### [Stored data entries]
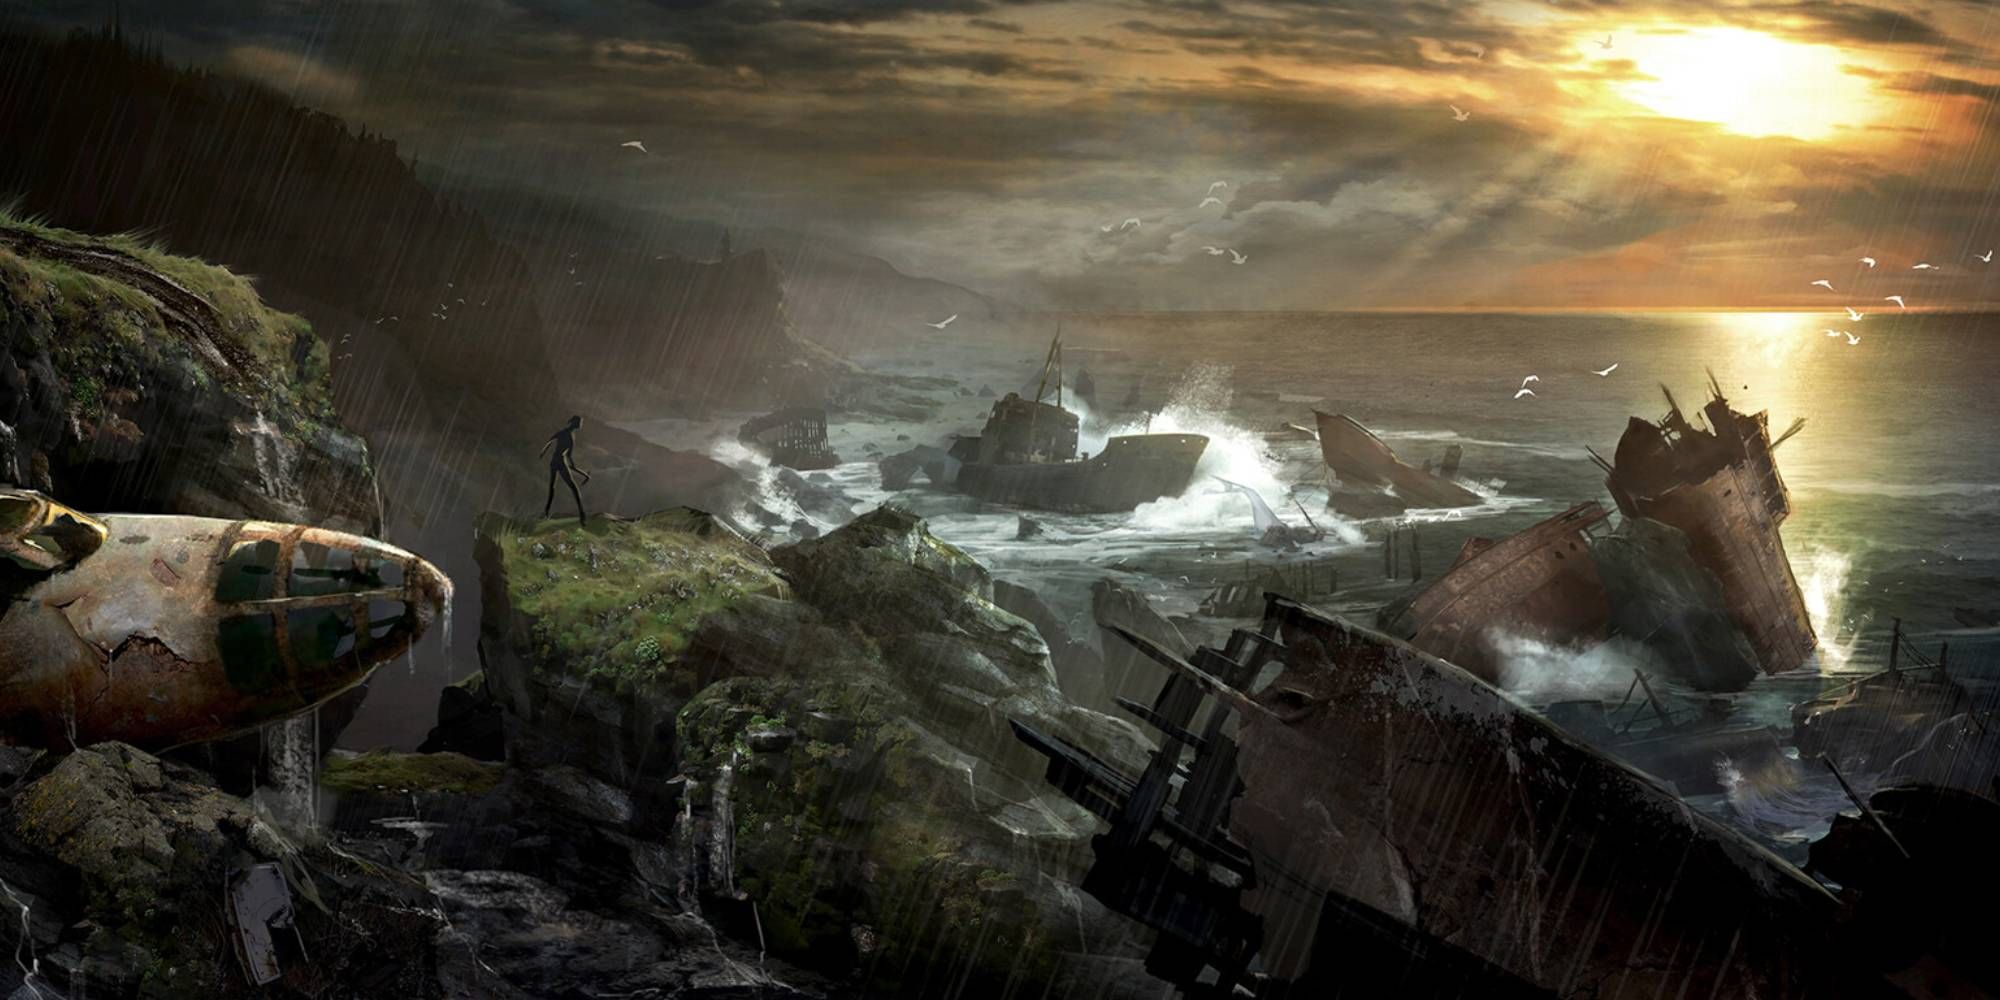 Ein Gemälde mit einer einsamen Figur auf einer Klippe nach einem Schiffbruch
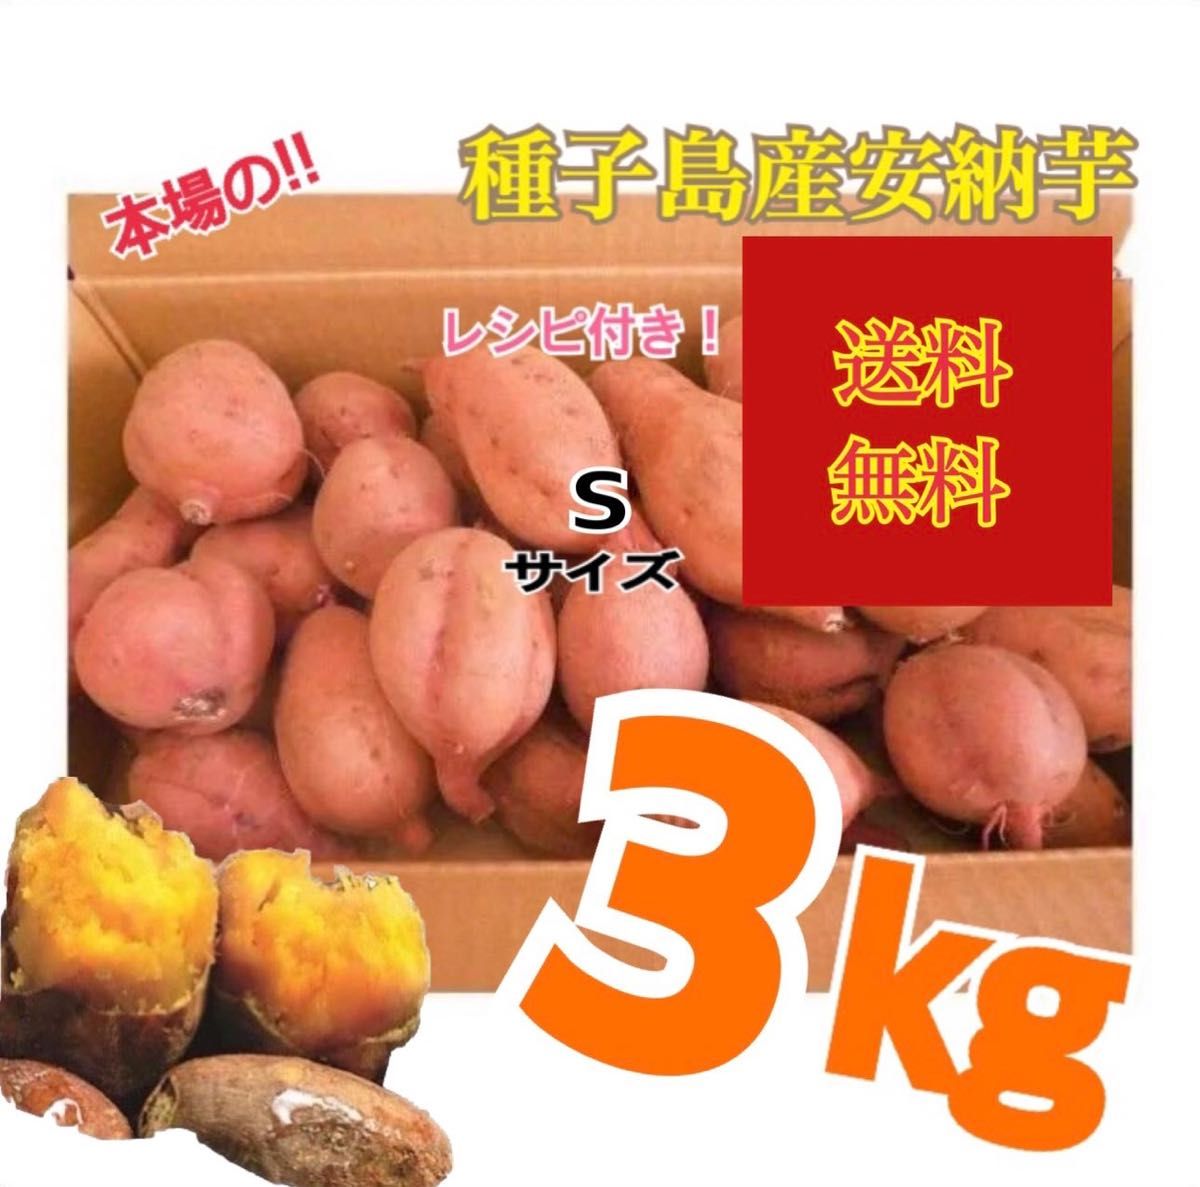 自然栽培 さつまいも新芋 佐賀県産 24キロ-
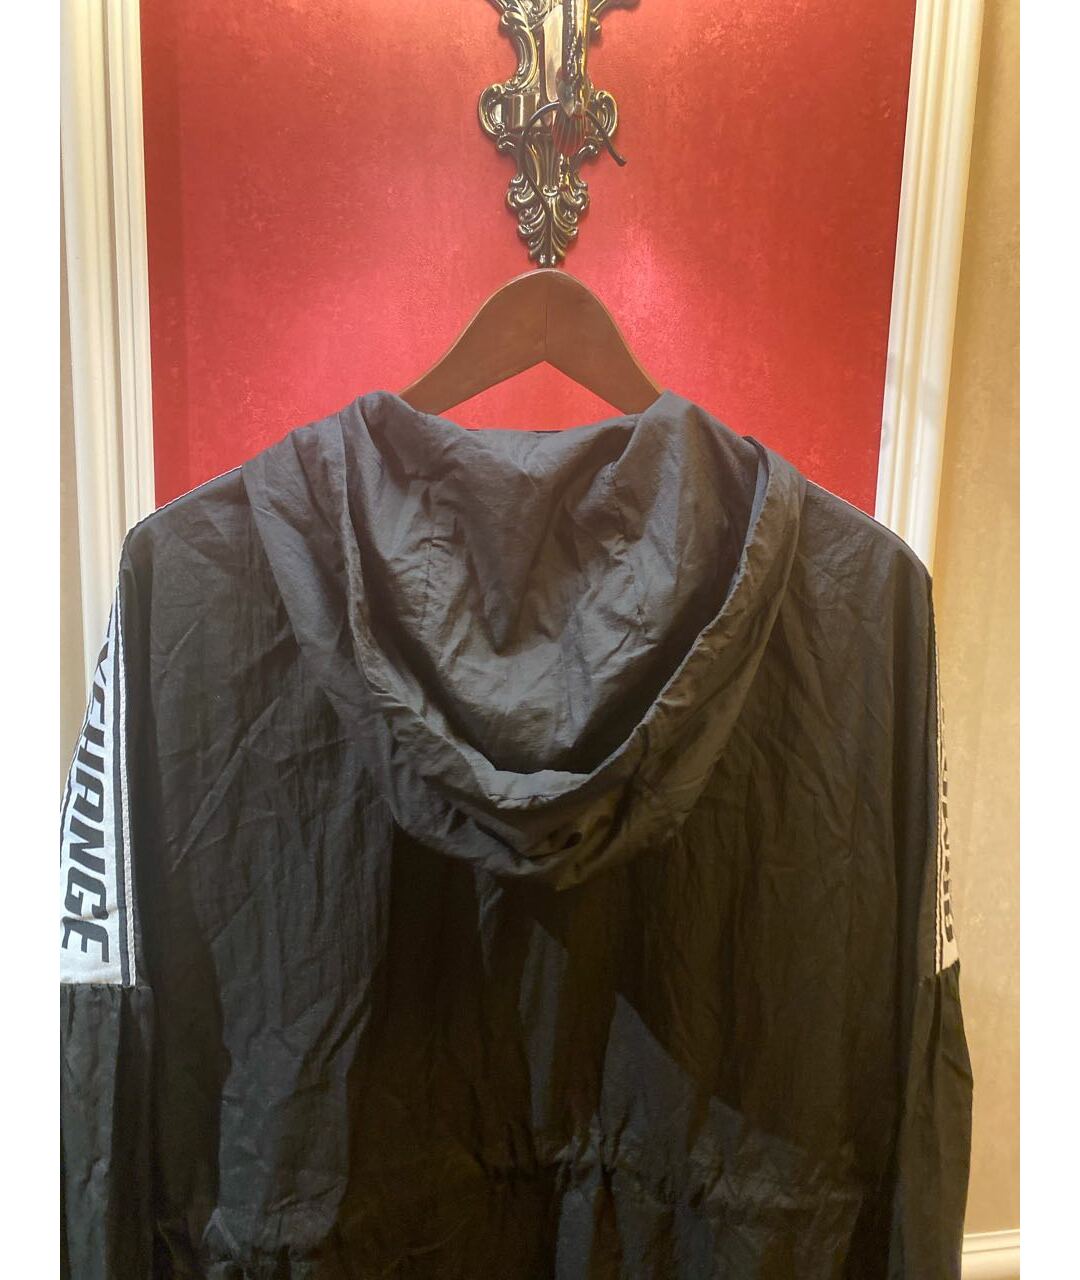 ARMANI EXCHANGE Черная полиамидовая куртка, фото 3
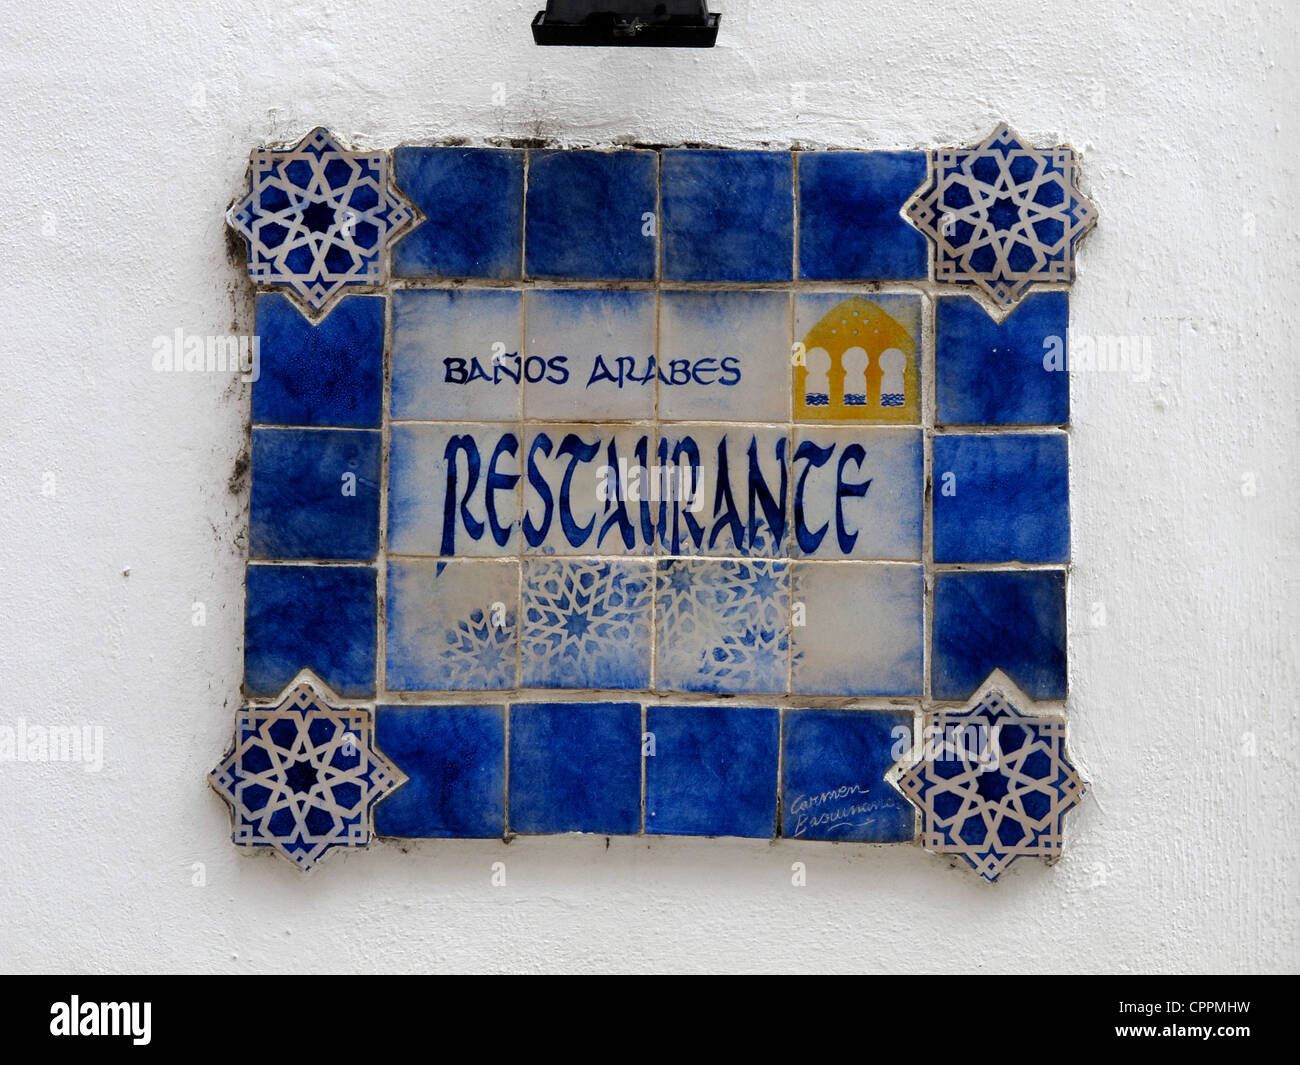 España Andalucía Córdoba Banos Arabes signo de cerámica Foto de stock
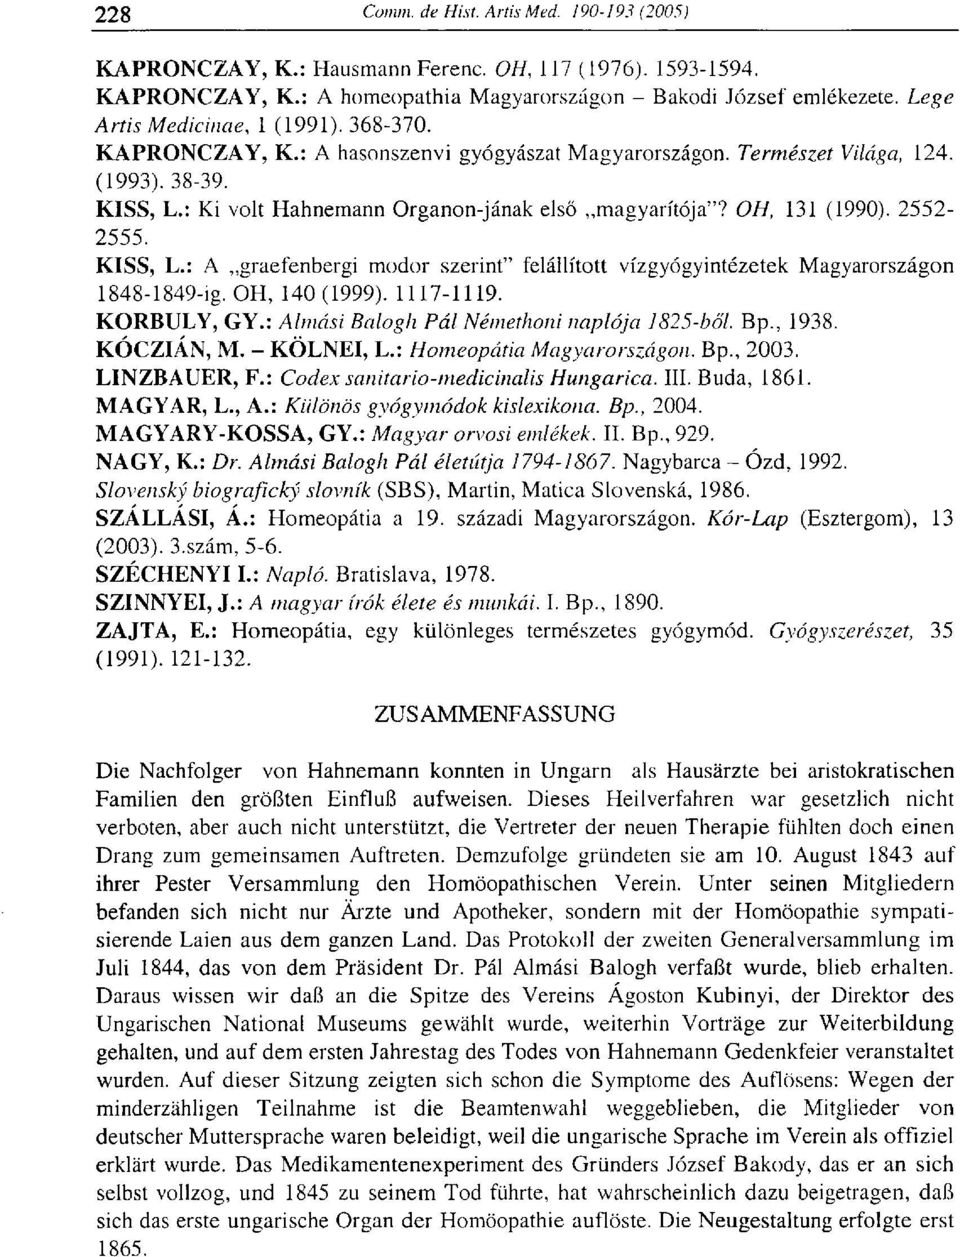 OH, 140(1999). 1117-1119. KORBULY, GY.: Almási Balogh Pál Némethoni naplója 1825-ből. Bp., 1938. KÓCZIÁN, M. - KÖLNÉI, L.: Homeopátia Magyarországon. Bp., 2003. LINZBAUER, F.
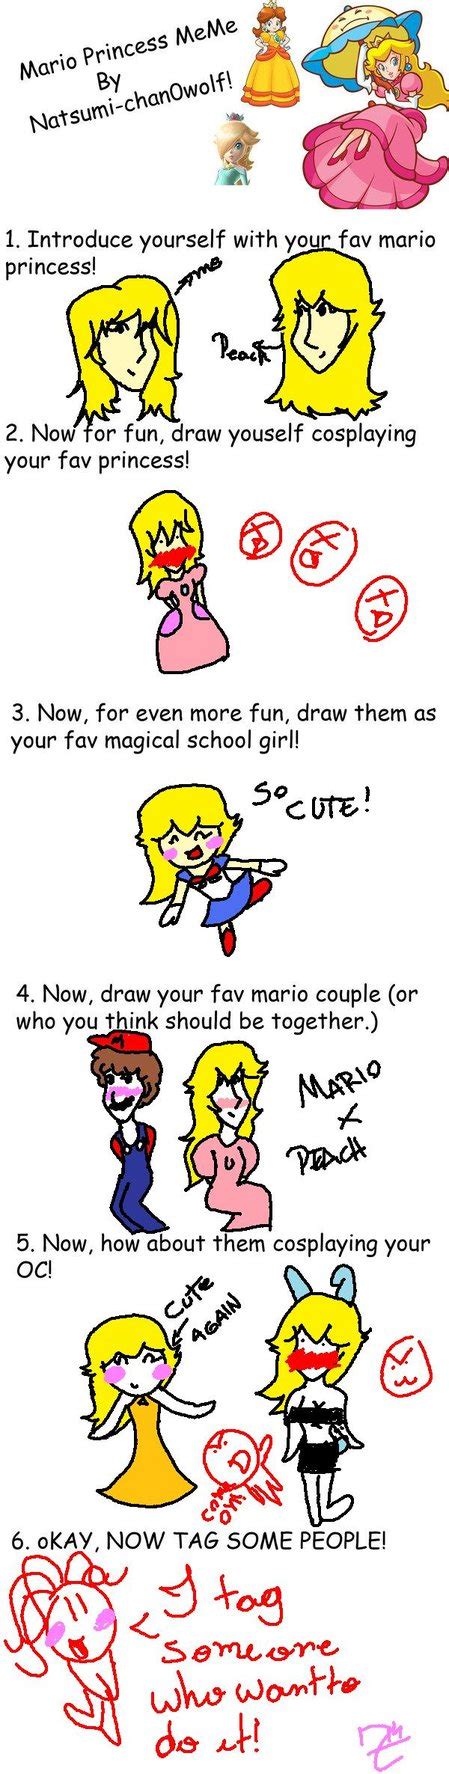 Princess Meme Mario Princess Meme By Zaza714 Princess Fashion Princess Style Princess Meme

### [ASSIGNED TASK]
Retype each record exactly as it stands, but do not include the pictures.

### [WORKED SOLUTION]
 Ein Gemälde mit einer einsamen Figur auf einer Klippe nach einem Schiffbruch
 自然栽培 さつまいも新芋 佐賀県産 24キロ-
 ARMANI EXCHANGE Черная полиамидовая куртка, фото 3
 España Andalucía Córdoba Banos Arabes signo de cerámica Foto de stock
 OH, 140(1999). 1117-1119. KORBULY, GY.: Almási Balogh Pál Némethoni naplója 1825-ből. Bp., 1938. KÓCZIÁN, M. - KÖLNÉI, L.: Homeopátia Magyarországon. Bp., 2003. LINZBAUER, F.
 Princess Meme Mario Princess Meme By Zaza714 Princess Fashion Princess Style Princess Meme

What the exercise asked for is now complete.